Im Supermarkt sehe ich dicht aneinander gedrängt die Kiwis liegen. Ich nehme vorsichtig einige zwischen meine Finger, um sie sacht zu drücken. So möchte ich erfahren, wann sie essbar ist. Die meisten sind steinhart und benötigen noch eine lange Zeit, um nachzureifen. Ich finde eine Kiwi, in der das Fruchtfleisch nachgibt unter dem Druck meiner Hand, die Schale fühlt sich an wie rauer Samt.
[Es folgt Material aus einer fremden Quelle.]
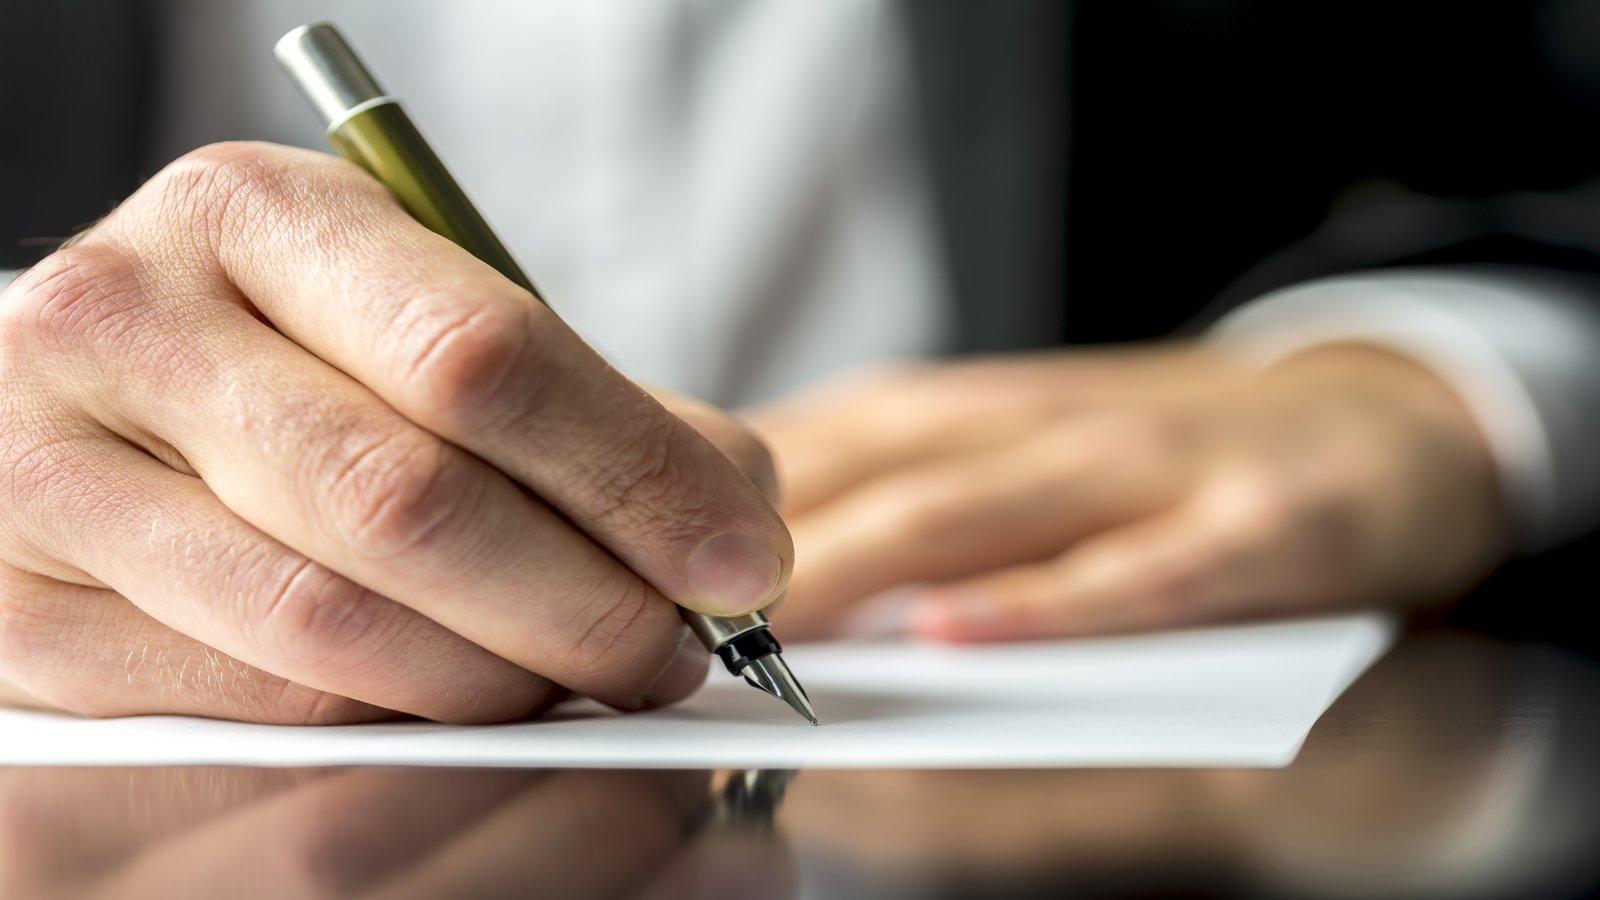 La mano di un uomo scrivendo con una penna

Bei der Vorstellung, sie gleich zu Hause zu vernaschen, sehe ich ihr grünes Innenleben mit den kleinen schwarzen Körnchen drinnen – sternförmig angelegt – direkt vor mir und spüre den für die Kiwi typisch süß-säuerlich, herben Geschmack auf meiner Zunge. Die leichte Bitterkeit der Frucht lässt mir das Wasser im Mund zusammen laufen. Nun will ich schnell nach Hause, nehme mir noch zusätzlich drei unreife Früchte aus der Obstkiste mit und bezahle alle an der Kasse. In meiner Wohnung angekommen, kann ich es kaum erwarten, diese Exotik zu genießen. Ich schneide die Frucht quer auf, der Saft rinnt mir durch die Finger. Ich schließe die Augen, um ihn mit Innigkeit von diesen zu lecken. Kein Tropfen soll mir entkommen! Dann löse ich mit einem Löffel das Fleisch aus der ersten Hälfte der Kiwi, schiebe es mir in den Mund.
Plötzlich befinde ich mich an einen weißen Strand, der vor Hitze zu glühen scheint. Das türkisfarbene Wasser tanzt in kleinen Wellen auf ihm. Wolkenloser, strahlend blauer Himmel, dezente Musik im Hintergrund von einem kleinen Stand, an dem man sich ein köstliches Getränk in einem Glas mit Zuckerrand und einer daran befestigten Orangenscheibe holen kann. Das leichte Knacken der kleinen Kerne zwischen meinen Zähnen lässt mich zurückkehren in die Wirklichkeit. Ein Kurzurlaub im Süden, ausgelöst durch EINE Kiwi, von der ich gleich auch noch die andere Hälfte genießen werde. Was für eine Kraft in so einer kleinen Frucht steckt. Unglaublich!